TASK:
Only the lines from the one that contains "0.760 inch x" through the last line of the data below should be duplicated, exactly and without pictures.

DATA:
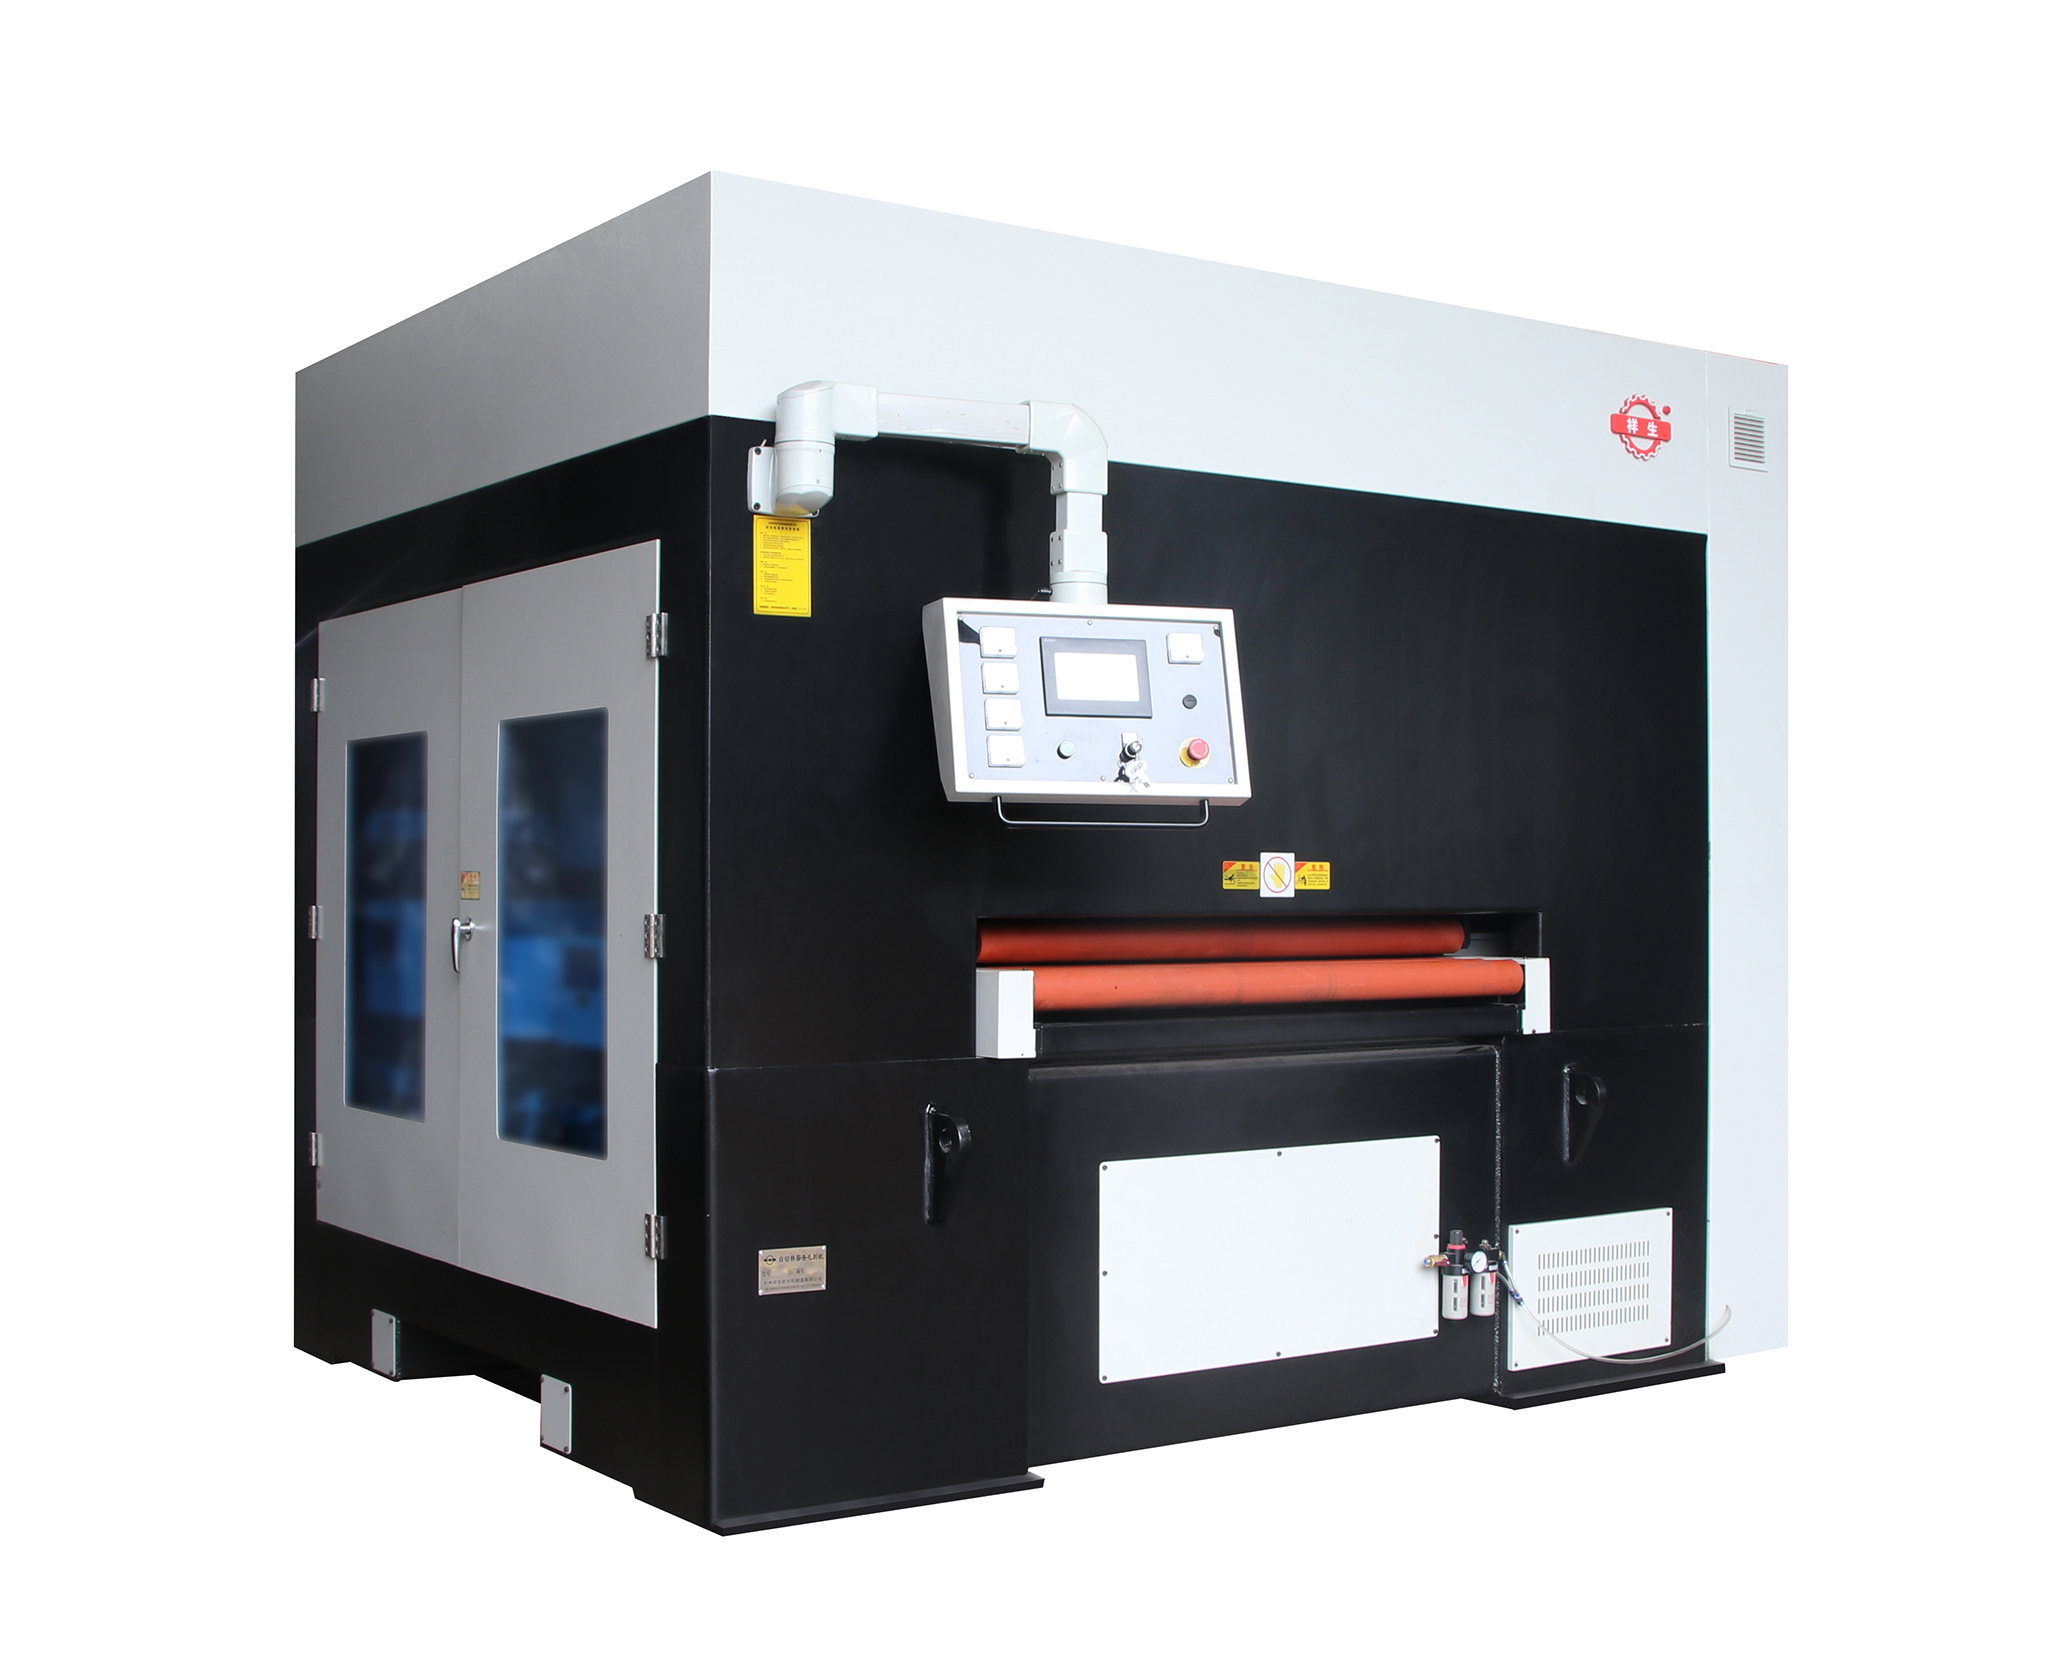 Excellent deslagging and edge rouding machine for plasma-oxy-fuel-cutting etc SG1300-3TB+B
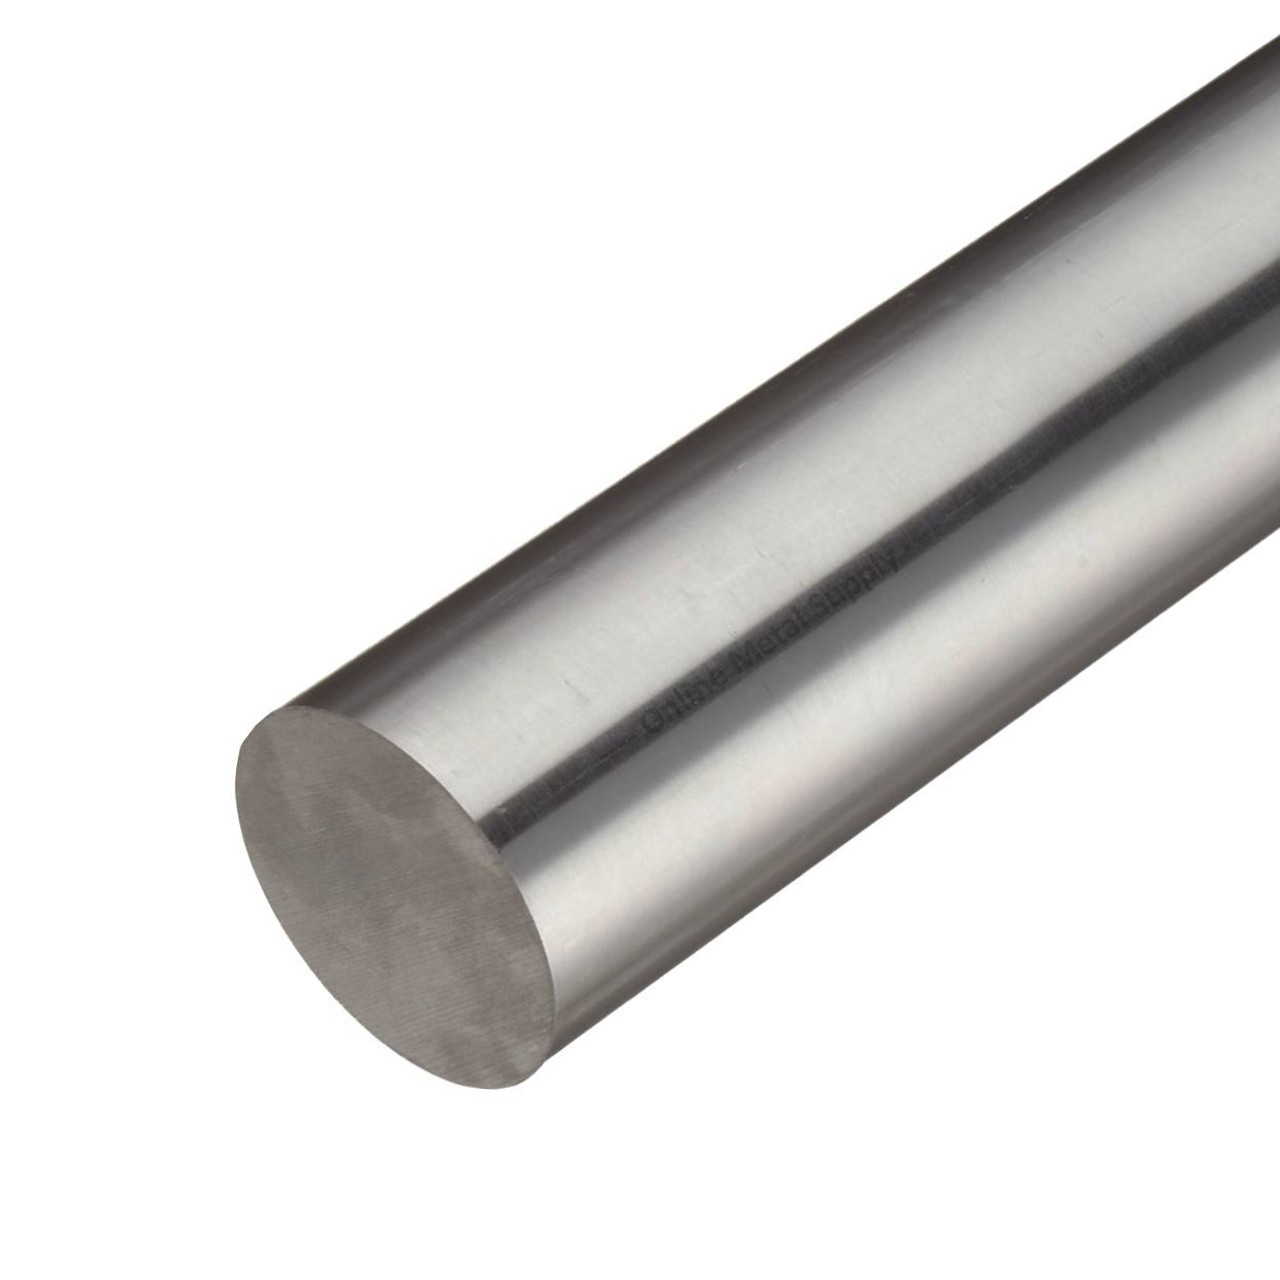 0.760 inch x 72 inches, 8620 Alloy Steel Round Rod, Turned, Ground, Polished
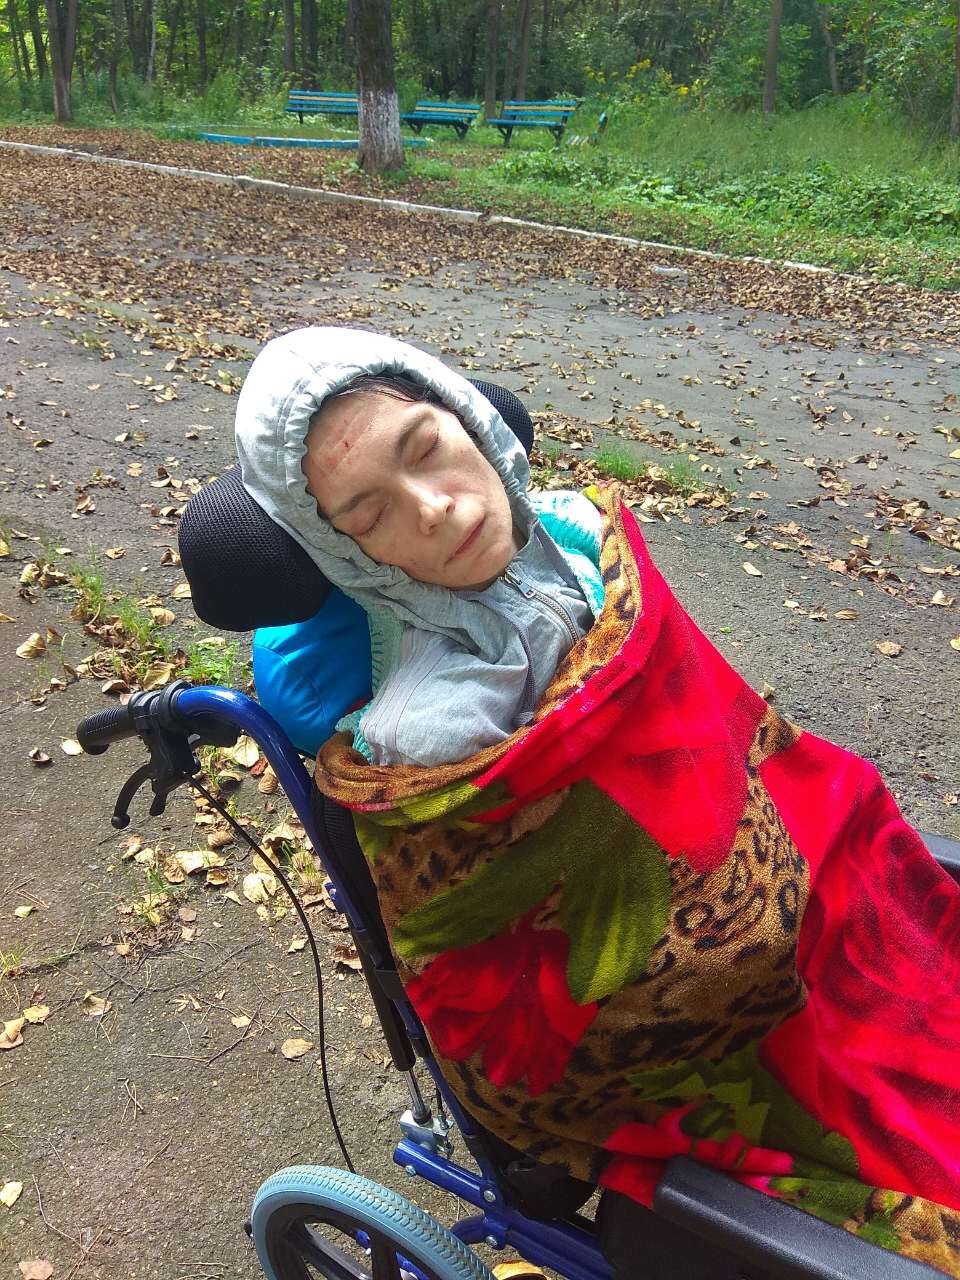 Vika, outside in the fresh air, in front of her rehabilitation facility. September 2018.

EXPECTED ANSWER:
 0.760 inch x 72 inches, 8620 Alloy Steel Round Rod, Turned, Ground, Polished
 Vika, outside in the fresh air, in front of her rehabilitation facility. September 2018.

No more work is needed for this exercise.